Barker also set up a kitchen with two 100-gallon stainless steel kettles manufactured by Pick Heaters, a West Bend, Wis. company. The kitchen and mogul line are connected by lines that pump over a heated mixture of sugar, corn syrup, color and flavoring. After the mixture is deposited in 420-piece starch moulds, it is cured for 48 hours in a 120-degree hot room and given a coat of carnauba wax.

“It works really well,” Barker says. “We put together a nice facility that does exactly what we want it to do.”

However, capturing the signature Candy Raisins texture and flavor wouldn’t be so easy. And they had to recreate it perfectly to please longtime fans and compete with another manufacturer that had started making a similar product.

“We wanted to bring it back in its exact form, exact texture, shape, size, color, everything,” Barker says. “We needed to hit 100 percent.”

Barker turned to chemists and food scientists at the University of Wisconsin-Madison to help clinch the texture, but what they came up with was “too sticky and too gooey,” he says. Barker suggested reducing the amount of corn syrup and raising the amount of sugar.

It worked. “We nailed it,” he says. “That was it.”

To get the flavoring, Barker reached out to the firm that sold the flavor formula to NECCO, but without an identification number, Barker couldn’t get it. Through chance, however, Barker’s dentist knew a former employee of the flavor company who pulled some strings to get Barker the number.

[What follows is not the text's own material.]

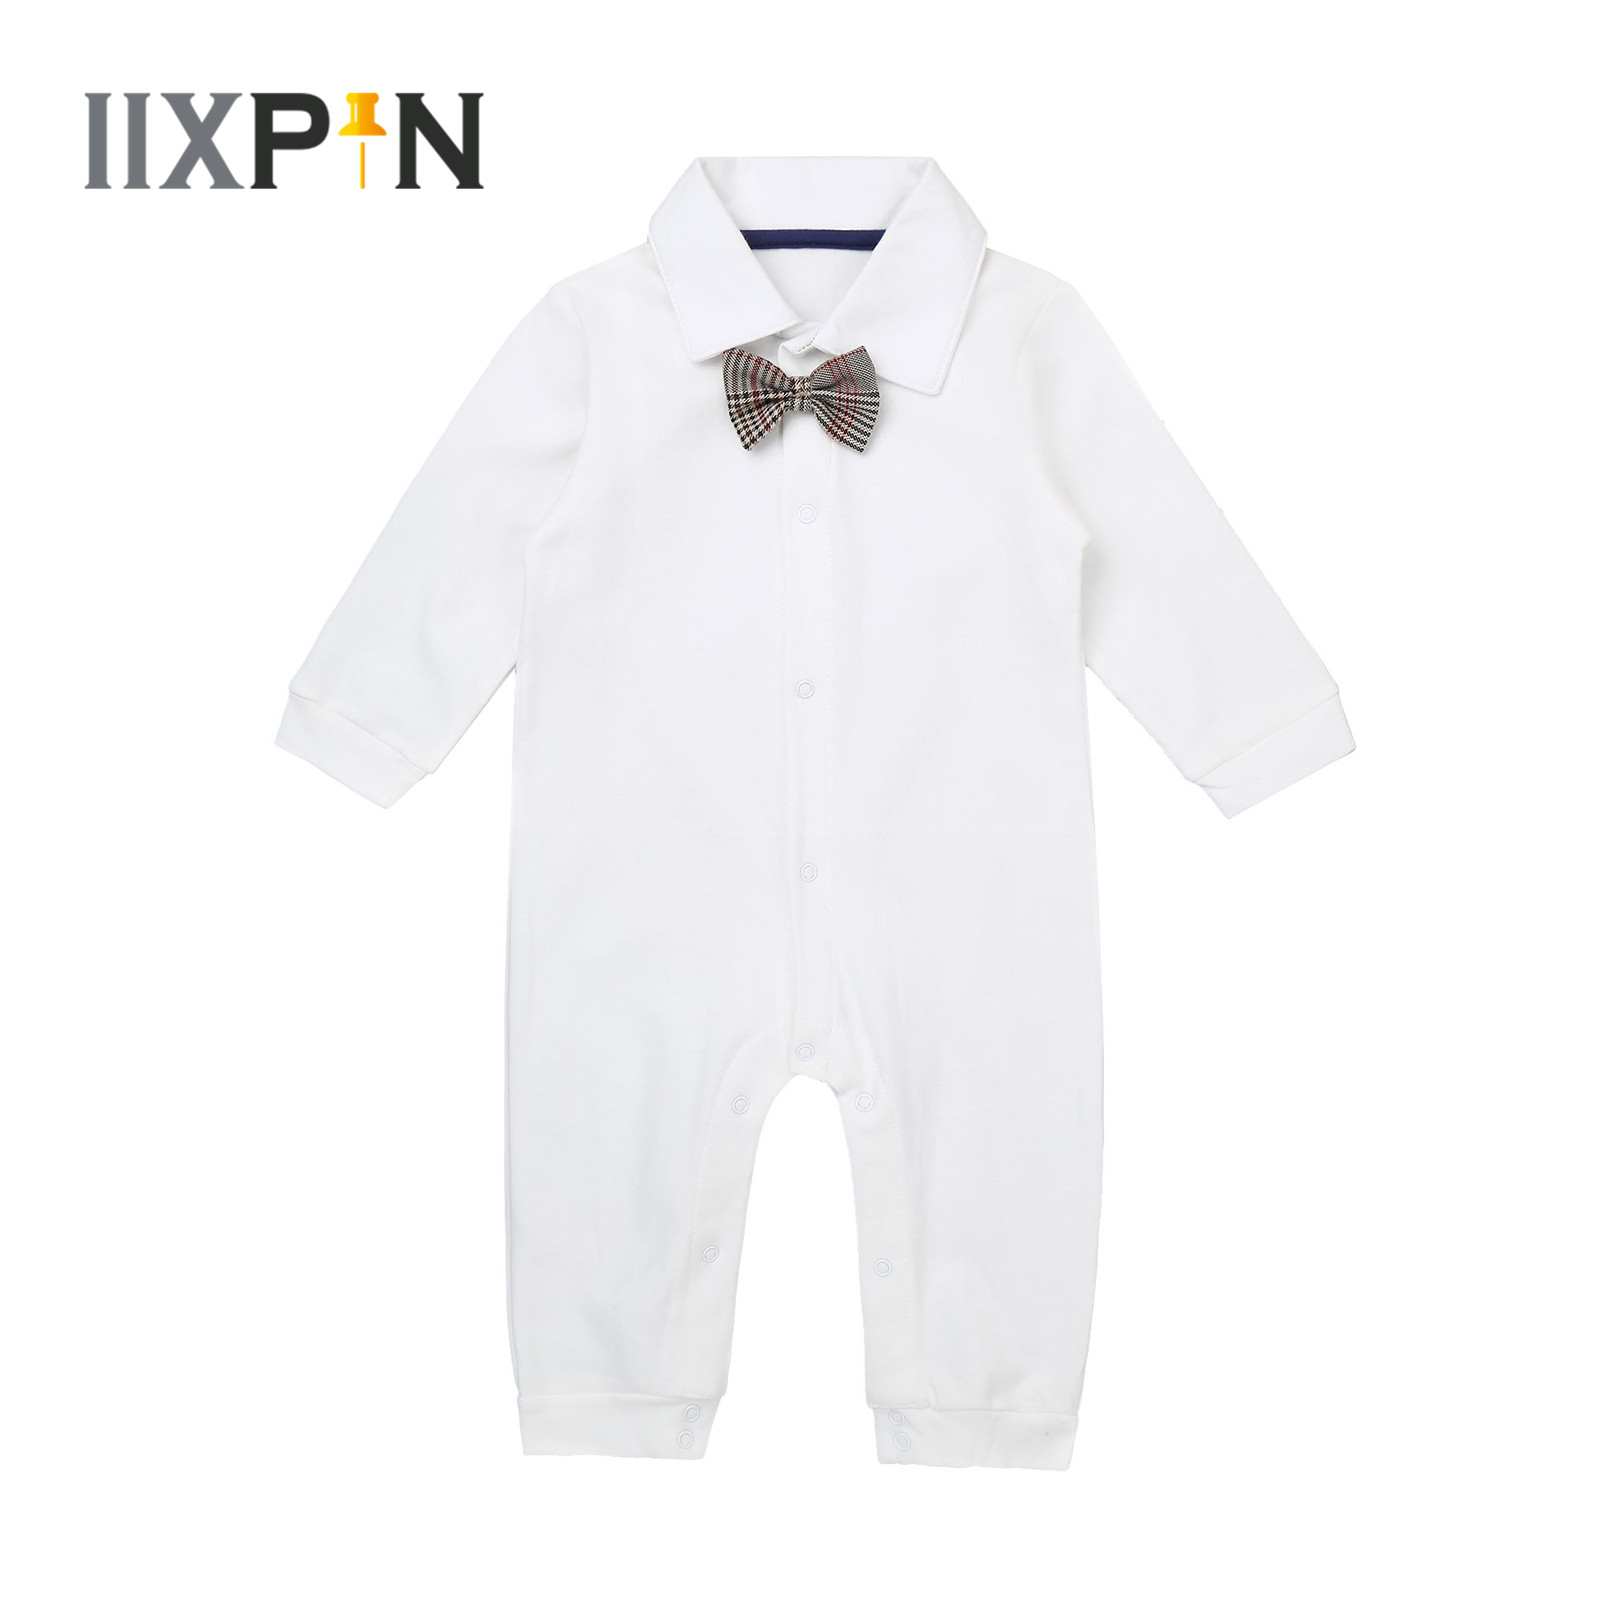 Toddler Baby Boys Romper Infant Rompers Cotton Long Sleeves Jumpsuit Bodysuit Gentlemen Christening Baptism Wear Baby's Clothing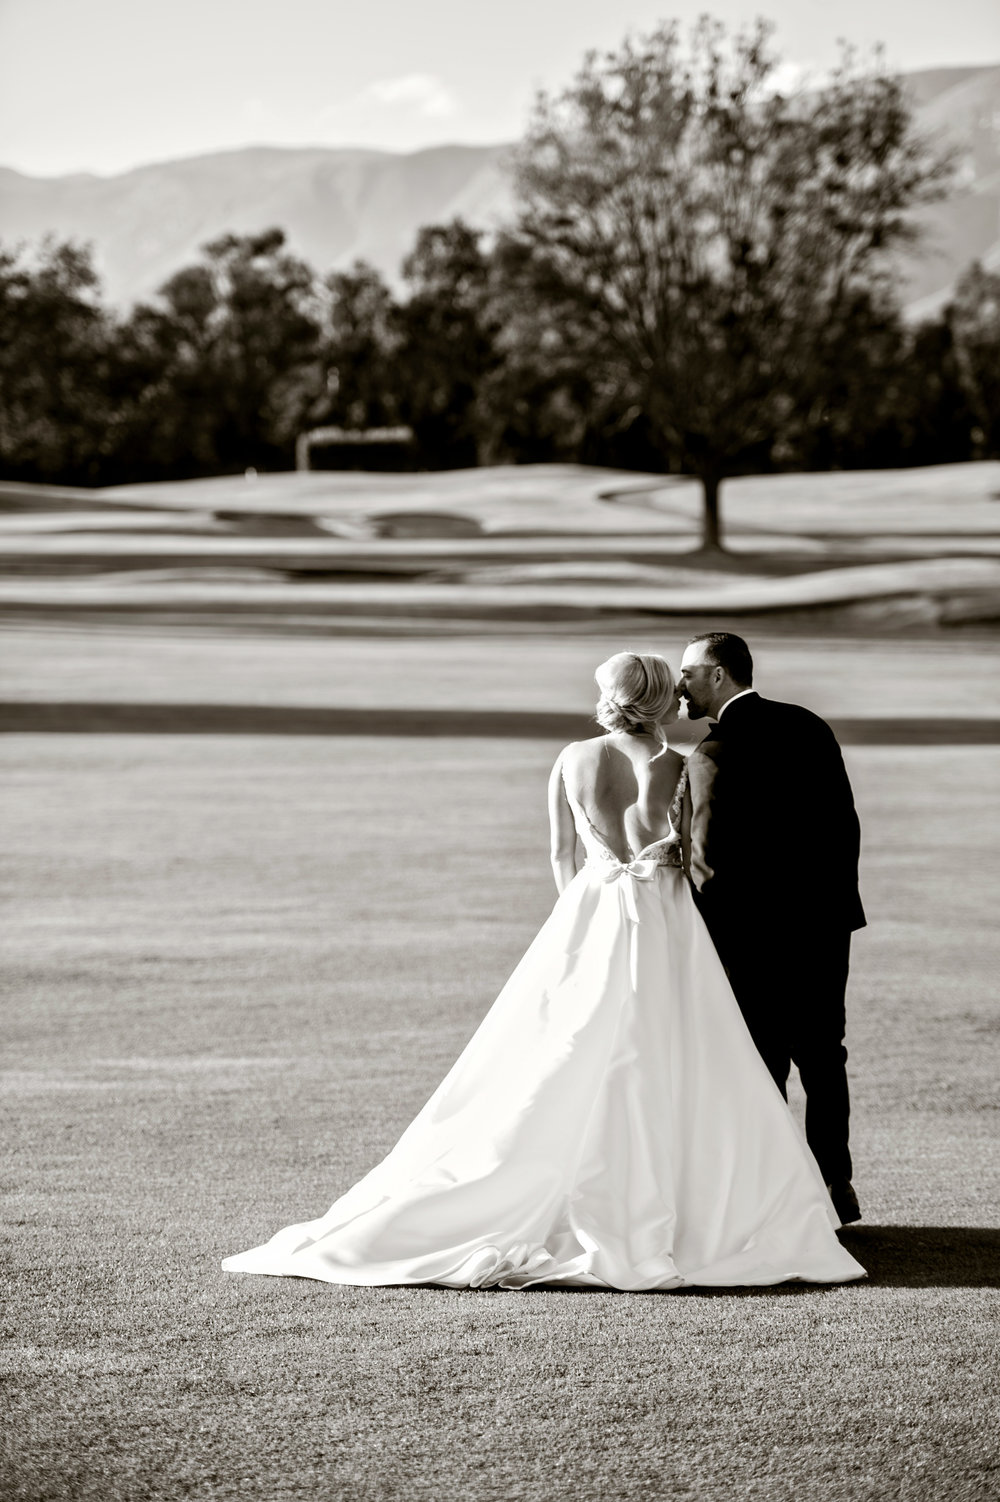 www.santabarbarawedding.com | Laurie Bailey | Ojai Valley Inn | Amber Weir Weddings | Bride and Groom

Barker then had all the pieces in place. Production began in 2014, much to the joy of Candy Raisin fans. While driving around in a truck with Lake Country Candies’ logo and the Candy Raisins moniker, people would stop Niere, he said.

“They’d come up along side, give you the thumbs up or ‘Are you kidding me? Is this the real Candy Raisins?’” he says. “I’d give them (a bag), and they’d be all smiling. It’s crazy.”

Others wrote letters, thanking Lake Country Candies for resurrecting the dormant brand.

“People were just so sad that they lost their Candy Raisins,” Niere says. “Thanks to John, we brought it back and made Milwaukee happy.”

Barker wants to make more than metro Milwaukee happy, however. In 2017, he hopes to expand the reach of Candy Raisins, but some modifications are required to appeal to a national audience.

Instead of the “raisin” shape, Barker will put the flavor into a coin with Lake Country’s sun logo and brighten the orange color. Lake Country also makes the coin in other flavors, including Strawberry Black Licorice and Salted Caramel.

“It’s a better marketing strategy to capture people who have never had (Candy Raisins) before,” Barker says.

Even if outsiders don’t see the beauty in Candy Raisins, Barker and Niere take satisfaction from their fans’ reactions.

“You really get a lot of fulfillment out of the fact that people have the knowledge and the history behind that, know what it was all about,” Barker says.